Questions about Write Interleaving Exclusion in AXI4 Protocol

I am reaching out to seek the actual reason that write data interleaving is not supported in the AXI4 protocol.

As far as I know, in the AXI4 protocol, write data interleaving is no longer supported. Some argue that the effort and resources required to support write data interleaving were too high, which led to its exclusion from the AXI4 protocol. However, when multiple masters with different transmission speeds attempt to perform write transactions simultaneously, the interconnect can become congested if write data interleaving is not supported. This could decrease the bandwidth and throughput of the bus.

So, what is the actual reason that write interleaving is not supported in the AXI4 protocol if there is potential performance degradation in some common scenarios? Are there any other pros and cons that need to be considered? And what exactly are the efforts and resources needed to support write interleaving?

  • I think your second paragraph already contains the answers to your questions.

    Write data interleaving was dropped from AXI4 because it was too complex to implement, and instead designers tended to buffer up write data before sending it all in one burst of consecutive transfers, so minimising the time the transfers might clash with another manager attempting to send data.

    The reason why interleaving was first proposed in AXI3 was for the performance/bandwidth reasons you listed, but this was not an option that was frequently implemented, so was dropped to simplify the protocol.

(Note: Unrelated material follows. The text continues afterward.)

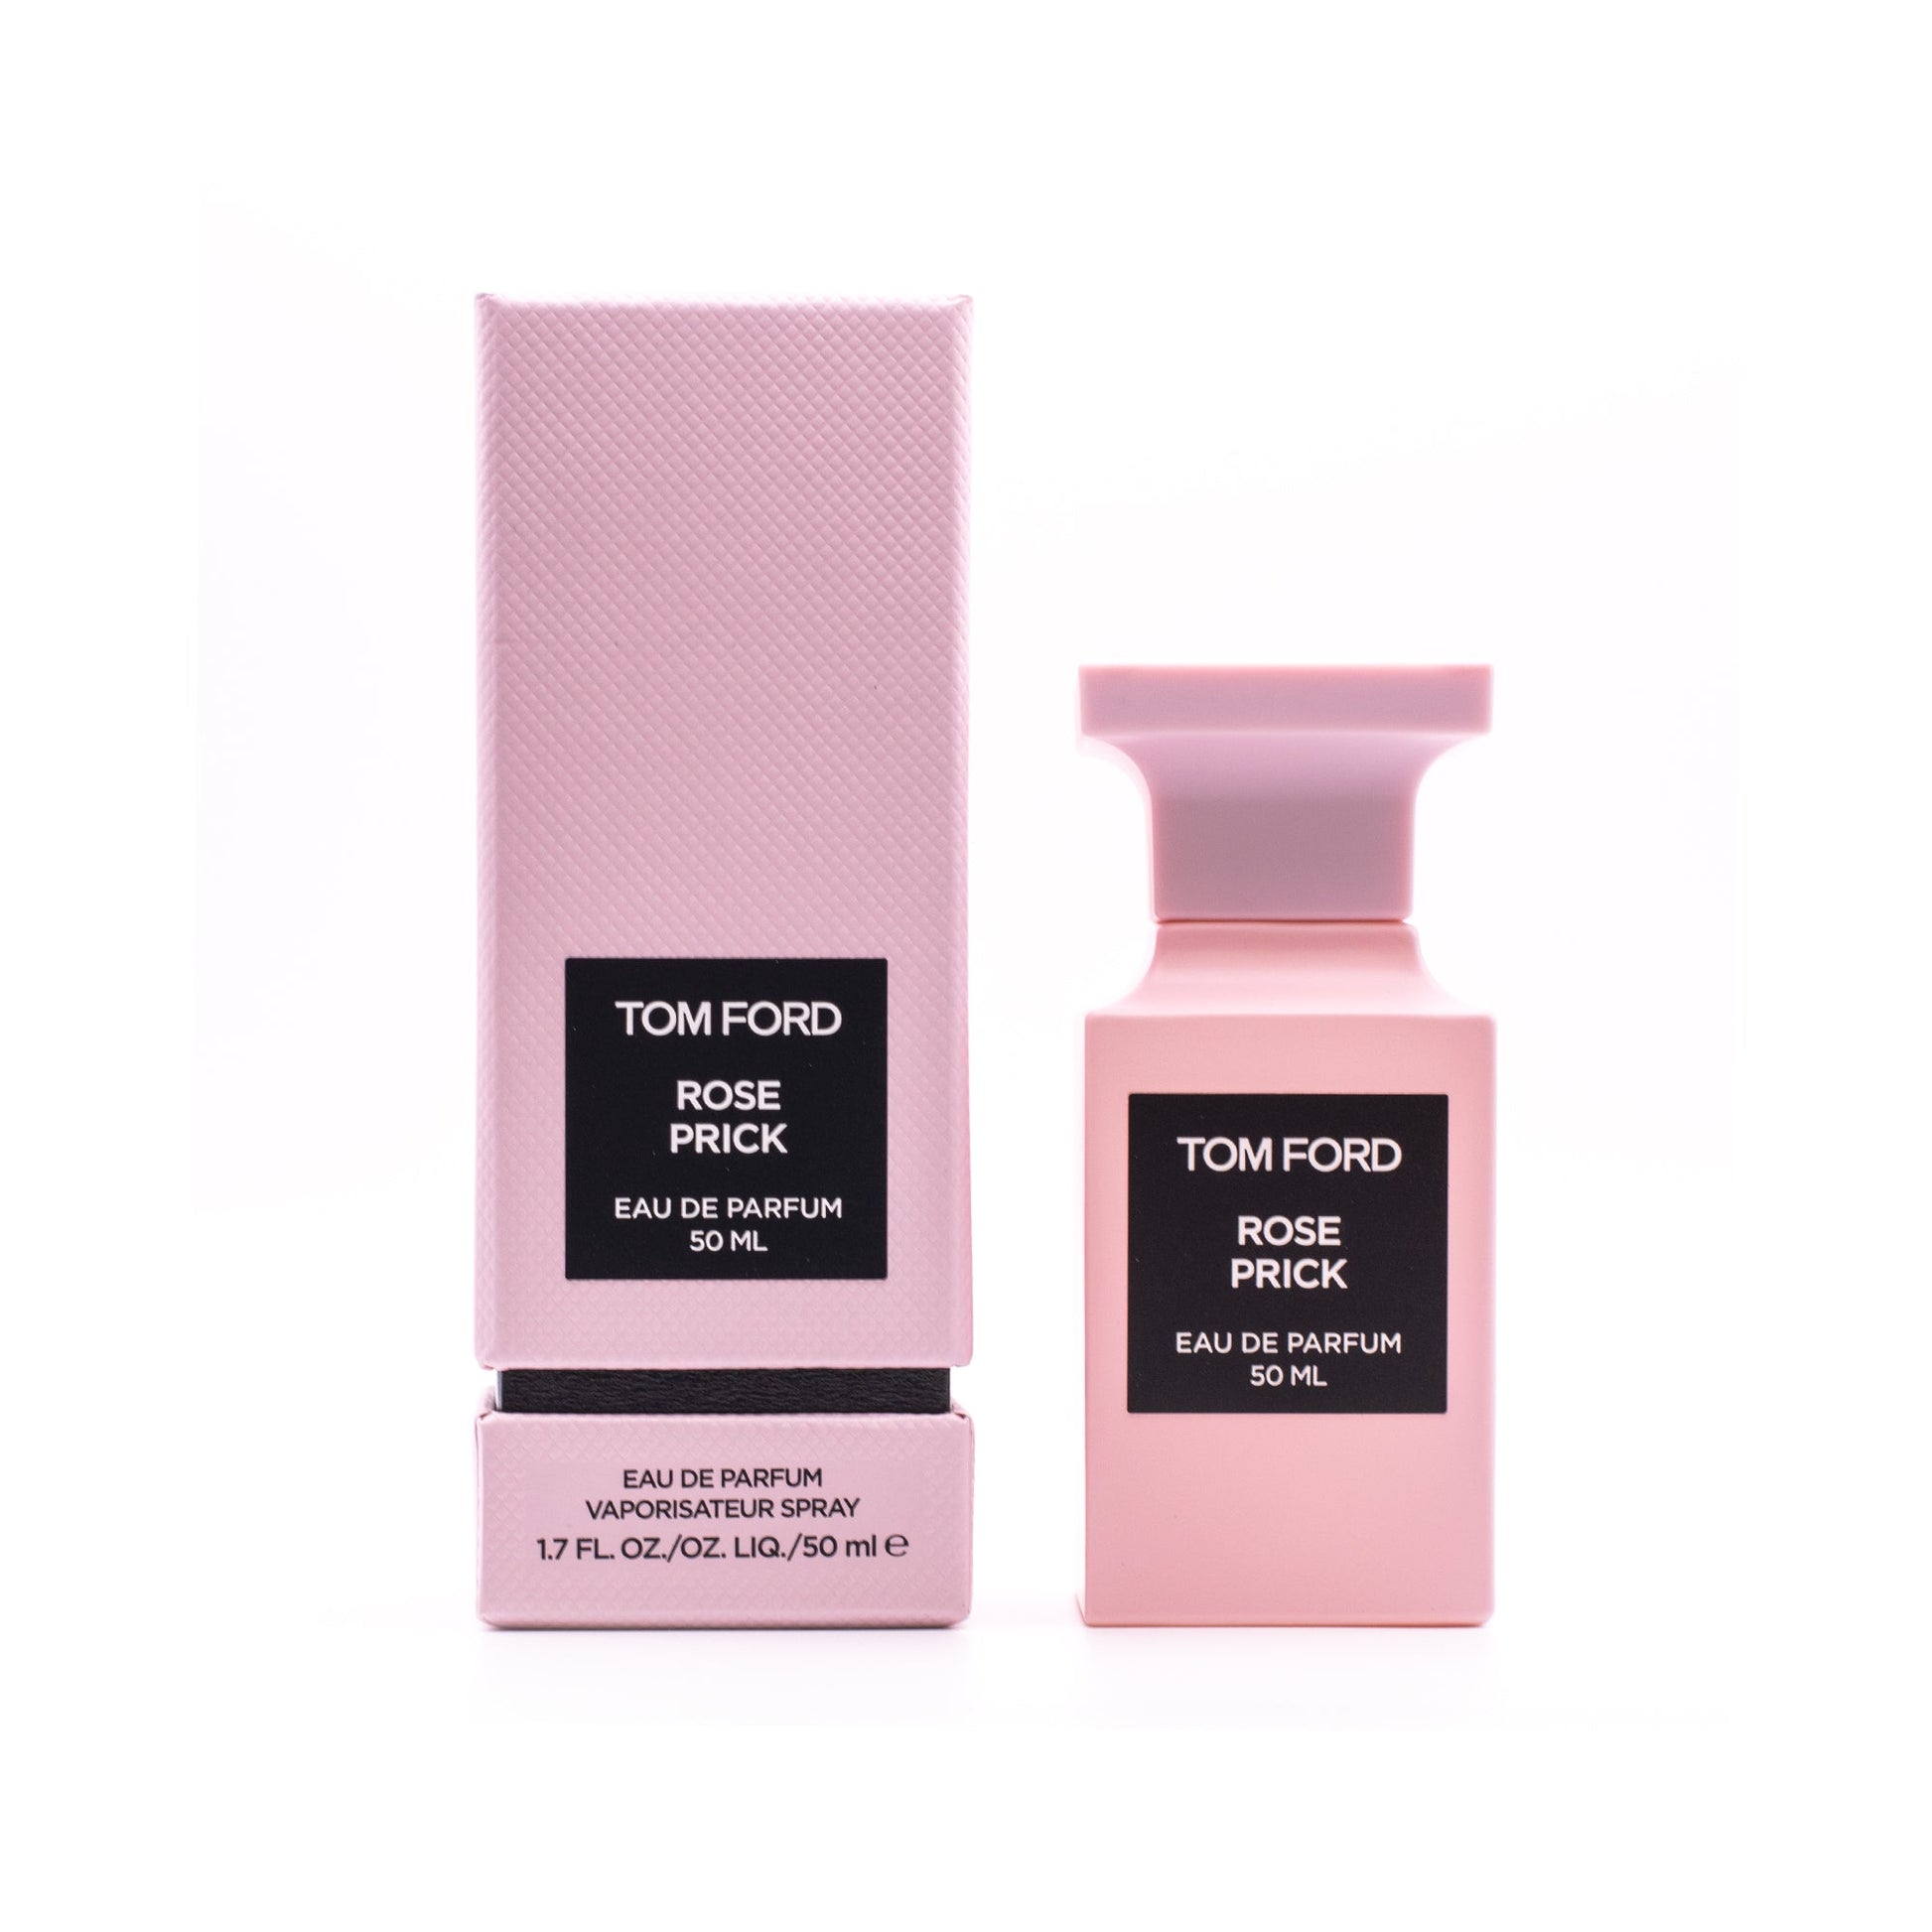 Rose Prick Eau De Parfum for Women by Tom Ford, Product image 1
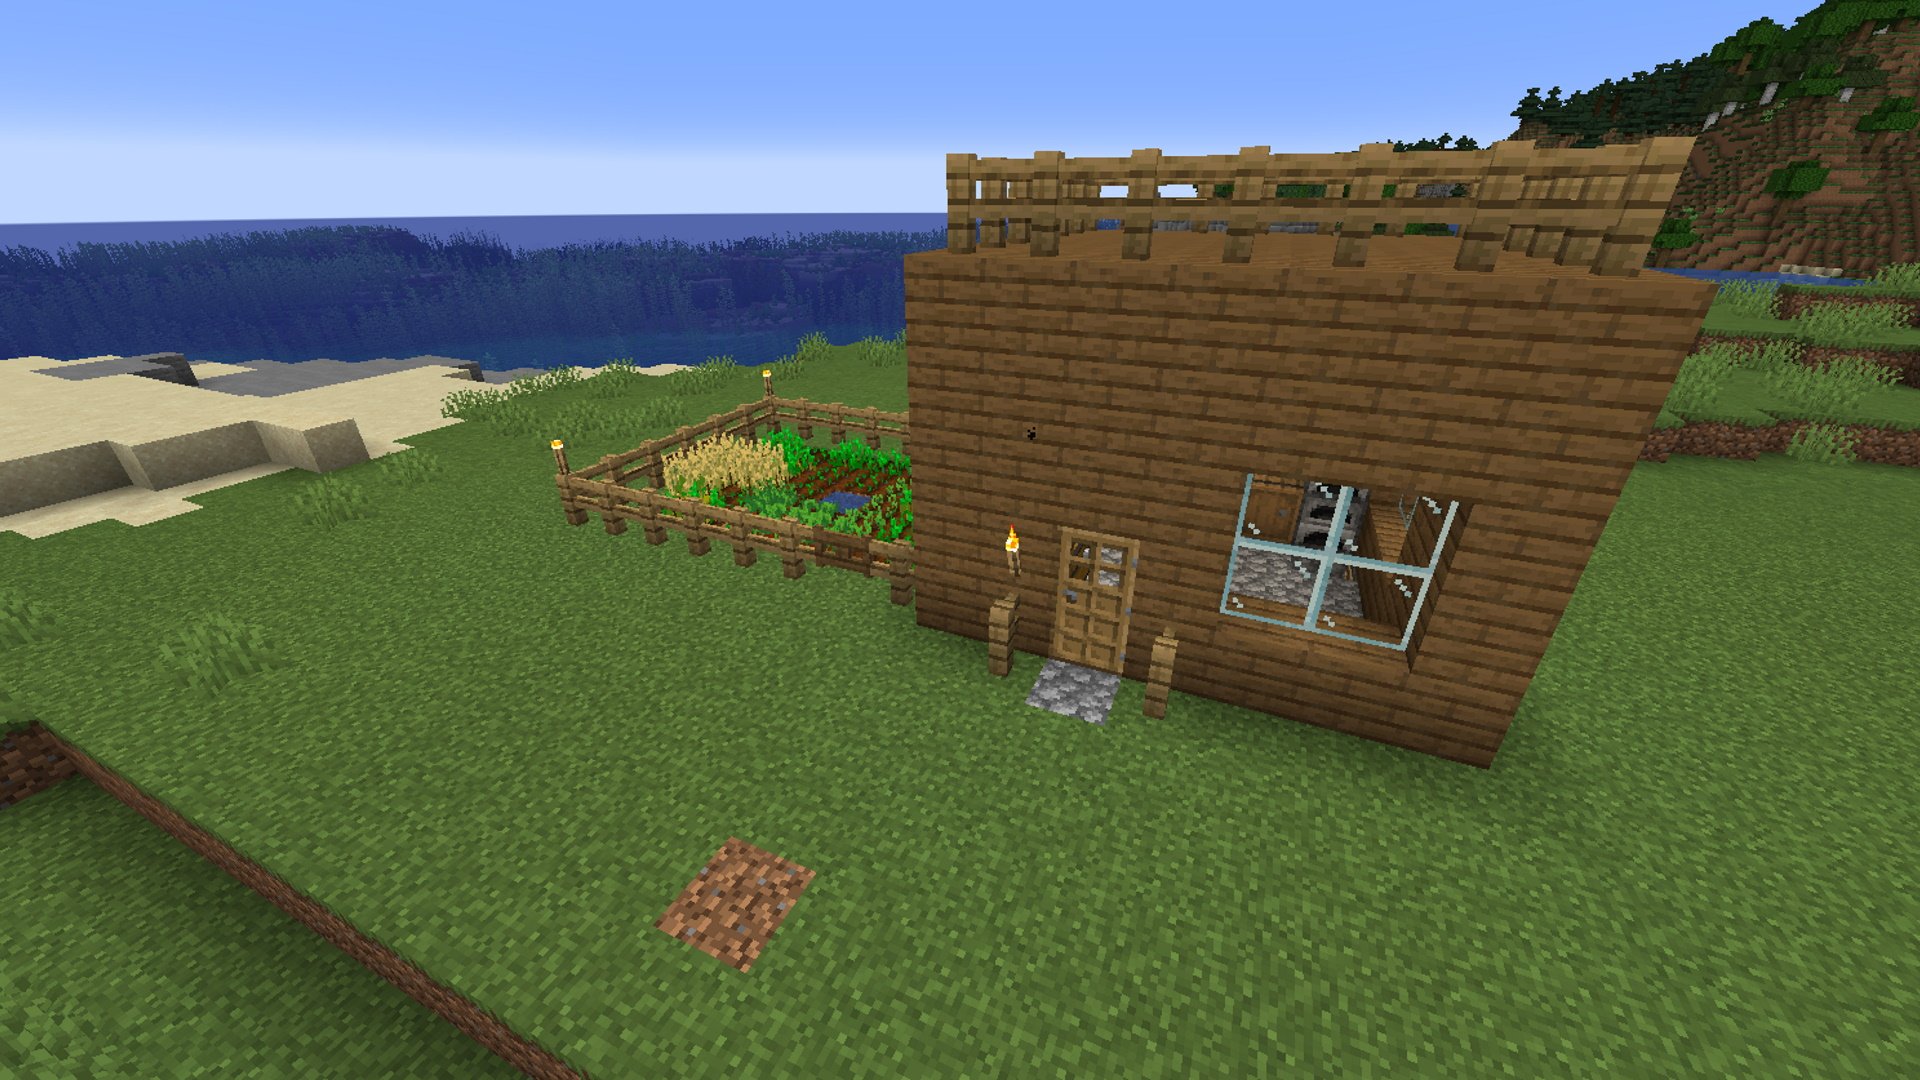 Minecraft house - a luxurious minecraft house with a garden

    As for what would be required to implement support for write data interleaving, I've never implemented such a system, but I'd imagine that AXI managers have the slightly easier job of just merging together the active write data streams from each processing thread, but AXI subordinates have a much more difficult job in that they need to be able to support the write interleaving depth number of data streams, either being able to accept and store a data transfer for any of the active transactions (so no use of bursts) or else locally buffering up the received data for each active stream and then using burst writes when the data for the transaction has all been received.

    Most systems I would imagine would have more subordinates than managers, so supporting interleaving has a bigger complexity impact than the simpler approach of buffering up write data in the manager before issuing the transaction.